_WHAT TO DO_: In the entries below, the word "Gift" appears on some lines. Copy each of those lines.

%%

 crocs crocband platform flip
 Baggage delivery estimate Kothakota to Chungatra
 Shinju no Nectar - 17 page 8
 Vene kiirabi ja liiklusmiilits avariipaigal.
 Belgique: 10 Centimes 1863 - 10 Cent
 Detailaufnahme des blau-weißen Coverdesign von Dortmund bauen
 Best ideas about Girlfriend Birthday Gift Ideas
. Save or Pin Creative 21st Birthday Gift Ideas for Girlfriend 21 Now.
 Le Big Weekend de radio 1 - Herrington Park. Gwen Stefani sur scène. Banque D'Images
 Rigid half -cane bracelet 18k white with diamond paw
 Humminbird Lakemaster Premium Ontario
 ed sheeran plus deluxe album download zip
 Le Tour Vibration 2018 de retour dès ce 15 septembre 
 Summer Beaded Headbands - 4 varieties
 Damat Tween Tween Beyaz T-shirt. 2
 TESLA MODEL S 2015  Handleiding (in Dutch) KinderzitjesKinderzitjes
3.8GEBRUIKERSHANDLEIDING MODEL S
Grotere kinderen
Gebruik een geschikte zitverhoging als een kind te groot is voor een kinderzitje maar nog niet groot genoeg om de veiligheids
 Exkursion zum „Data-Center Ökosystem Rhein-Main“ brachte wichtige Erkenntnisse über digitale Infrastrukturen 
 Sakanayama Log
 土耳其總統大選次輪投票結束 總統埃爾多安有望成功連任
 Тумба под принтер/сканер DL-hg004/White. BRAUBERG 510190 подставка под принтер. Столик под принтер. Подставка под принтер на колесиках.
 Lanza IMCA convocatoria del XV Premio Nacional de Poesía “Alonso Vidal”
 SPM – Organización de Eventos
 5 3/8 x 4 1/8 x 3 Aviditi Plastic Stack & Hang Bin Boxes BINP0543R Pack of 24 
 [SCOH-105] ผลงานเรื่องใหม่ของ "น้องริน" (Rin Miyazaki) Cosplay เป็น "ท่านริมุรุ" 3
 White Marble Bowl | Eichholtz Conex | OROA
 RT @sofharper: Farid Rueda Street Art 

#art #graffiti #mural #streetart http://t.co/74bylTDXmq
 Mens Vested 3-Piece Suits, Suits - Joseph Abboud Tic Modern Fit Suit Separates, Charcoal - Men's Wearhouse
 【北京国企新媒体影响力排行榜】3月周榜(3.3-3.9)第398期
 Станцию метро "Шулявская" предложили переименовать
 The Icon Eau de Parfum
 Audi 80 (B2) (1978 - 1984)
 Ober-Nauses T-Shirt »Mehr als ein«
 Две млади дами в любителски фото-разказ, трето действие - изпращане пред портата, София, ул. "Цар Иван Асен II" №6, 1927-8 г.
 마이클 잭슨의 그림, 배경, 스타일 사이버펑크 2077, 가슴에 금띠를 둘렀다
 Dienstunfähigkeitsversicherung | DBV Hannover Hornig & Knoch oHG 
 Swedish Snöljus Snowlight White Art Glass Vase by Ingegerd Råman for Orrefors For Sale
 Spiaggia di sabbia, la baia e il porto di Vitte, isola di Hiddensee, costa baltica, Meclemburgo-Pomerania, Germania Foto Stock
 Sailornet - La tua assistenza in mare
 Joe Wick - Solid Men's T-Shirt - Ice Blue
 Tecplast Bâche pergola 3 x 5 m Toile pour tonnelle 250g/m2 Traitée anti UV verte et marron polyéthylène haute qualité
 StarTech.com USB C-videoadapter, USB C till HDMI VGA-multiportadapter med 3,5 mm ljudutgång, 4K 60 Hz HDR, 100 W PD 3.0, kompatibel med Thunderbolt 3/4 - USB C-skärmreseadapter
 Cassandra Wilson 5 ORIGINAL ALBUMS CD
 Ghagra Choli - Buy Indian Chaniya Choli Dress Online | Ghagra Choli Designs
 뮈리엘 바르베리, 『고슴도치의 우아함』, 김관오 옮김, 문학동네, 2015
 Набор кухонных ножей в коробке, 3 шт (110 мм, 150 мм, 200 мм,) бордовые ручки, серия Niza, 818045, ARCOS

%%

_ANSWER SECTION_:
 Best ideas about Girlfriend Birthday Gift Ideas
. Save or Pin Creative 21st Birthday Gift Ideas for Girlfriend 21 Now.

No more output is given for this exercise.